In generalizing the early successful AI systems to tackle complex problems, these early machines failed miserably. It was perhaps the high hopes of AI that propelled its development, however, it was also the failures to meet the expectations that had stalled its advancement as demonstrated by the following two stories.

The American story

In the 1950s, Georgetown IBM had created a system that could translate Russian to English with six rules and 250 vocabularies specialized in organic chemistry. Yet, its success was overstated by the media. The headline in New York Times, “Russian is turned into English by a fast electronic translator” captured the people’s attention. The US government had high expectations towards the potential power of machine translation in winning their political tensions with Russians and invested a great deal in machine translation. The leader of the experiment, Leon Dostert, was so optimistic about the project that had claimed they could accomplish interlingual conversion in three to five years.

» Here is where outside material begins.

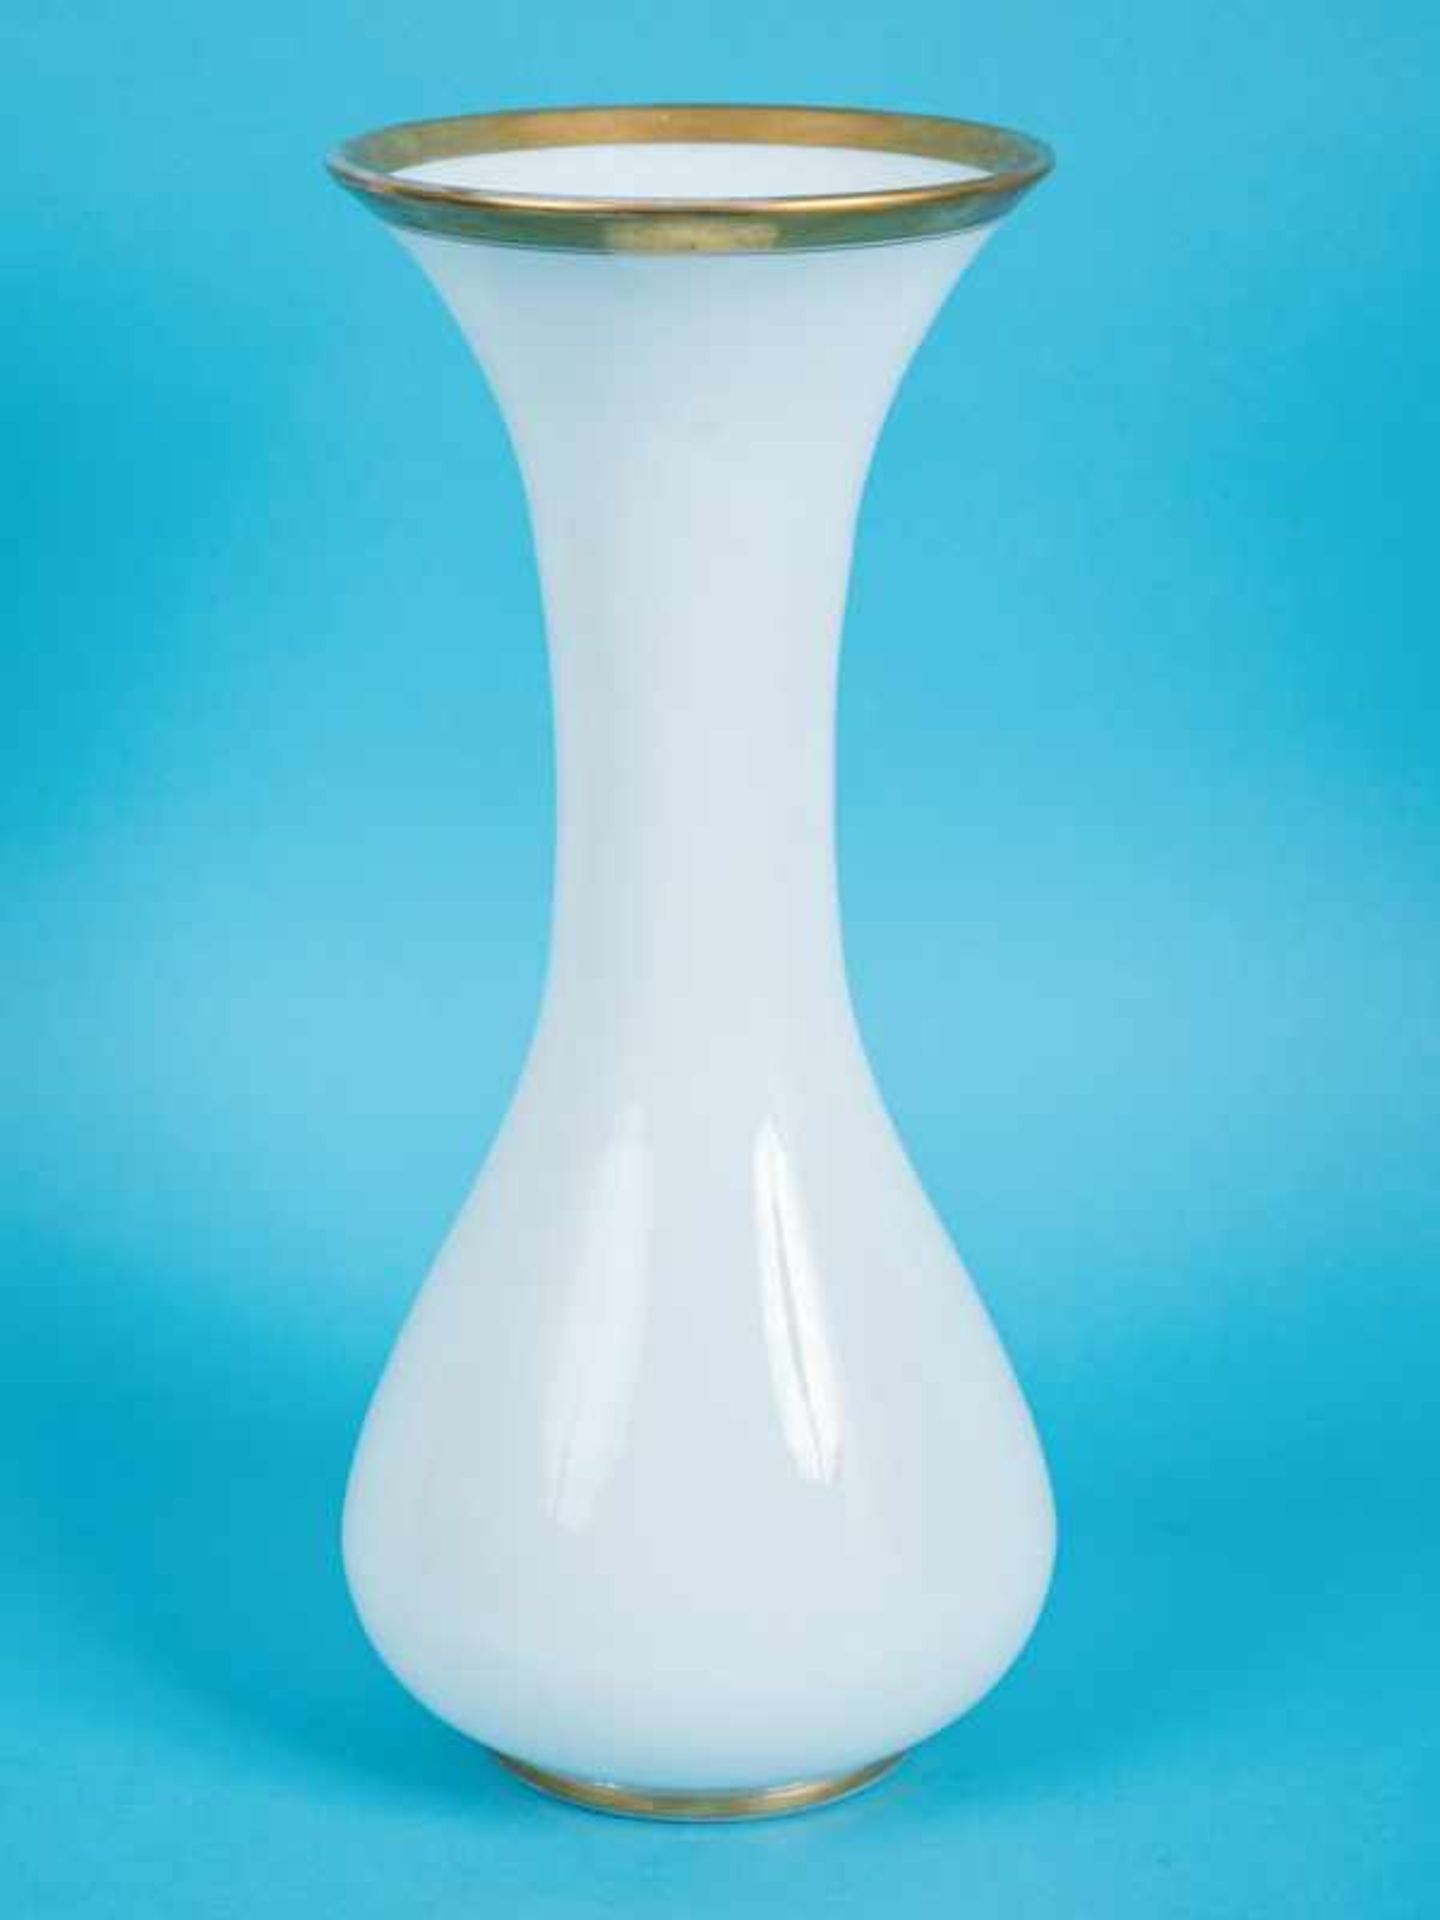 Große Opalinglas-Vase, 19. Jh. Opalin-/Milchglas mit Goldrändern; gebauchte Form mit hohem, sich
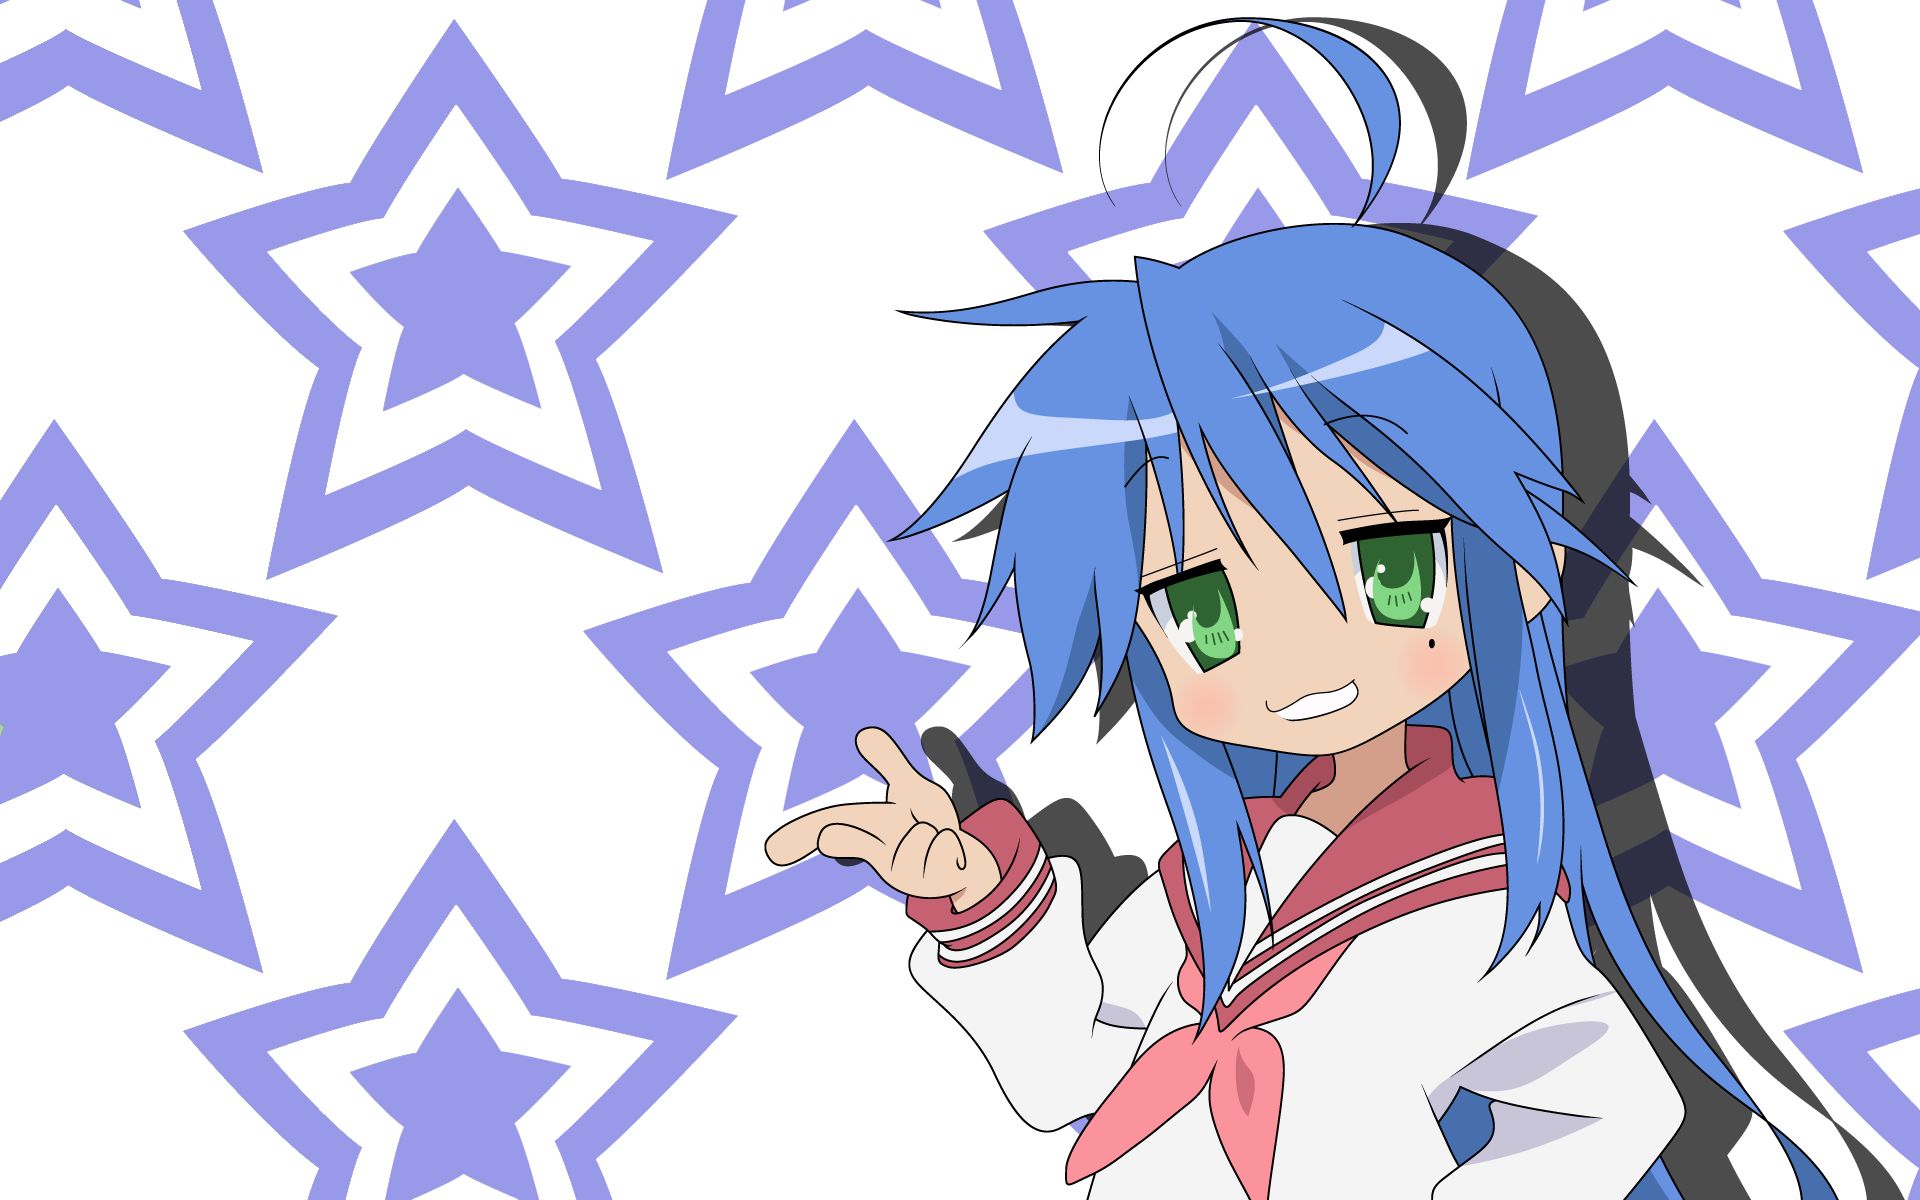 Descarga gratuita de fondo de pantalla para móvil de Animado, Raki Suta: Lucky Star, Konata Izumi.

Yet, the road to design machine translation systems that are suitable for general use was full of roadblocks. The inputs from the general public were hard to predict, and this resulted in misleading and senseless outputs. Correcting for the spurious outputs often required so much human intervention that people would rather translate manually”. This failure rang the alarm bell of the US government and they called the Automatic Language Processing Advisory Committee (ALPAC) to assess the progress of AI research. The ALAPC published a report drawing doubts on its real economic return, and eventually cut down funding to the research.
British views

IBM RAMAC 305, Credit: IBM Archives

In 1973, The British Science Research Council asked James Lighthill from Cambridge University to evaluate the progress in AI research. He thought that the research on advancement in automation and central nervous systems were useful, but the research on their connection was only worthwhile if it could facilitate either research field. In his opinions, AI contributed little to both fields and therefore was not worth proceeding with. In addressing specific problems, he stated that conventional techniques could be more successful than AI methods. He also claimed there was a “combinatorial problem” with the development of AI at the time. The computation involving more than one variables take enormous time and he thought it was impractical to have a machine that could tackle complex problems that involve multiple variables. Therefore, he concluded that existing AI techniques could work well only in small tasks, but were not scalable to tackle real problems.

Everyone wanted to see the impact of AI research, or at least as a foreseeable prospect. Yet, under-delivering the extravagant promises brought great disappointment to the government, companies and even scientific community. The frustration in realizing the big dream caused retrenchment and brought AI into a dark cold winter.

Bringing AI back to life

Instead of aiming for AI research, scientists shifted their focus to other disciplines. Yet, AI benefited indirectly from the achievements in other subdisciplines of computational science. This was the era where computational fields such as neural network, machine learning, had brought unprecedented surprises.

In particular, a physicist, John Hopfield analyzed the storage and optimization properties of neural networks with statistical mechanical concepts from physics, which brought life to neural network development again. The artificial neural network was inspired by the human brain. It consists of interconnected nits for computation, like the neurons in the human brain that are responsible for signal transmission. The strength of the transmitted signal was calibrated by the weights associated with the connections of the processing unit. These weights were adjusted from past inputs. The network could adjust its weights in the connections of processing units, therefore teaching itself.

Computational scientists in the field of machine learning have also brought immense excitement to the public. Machines are now able to identify visual images and videos that were once considered one of the greatest obstacles in AI. The many advancements in different subdisciplines have indirectly brought AI back to life.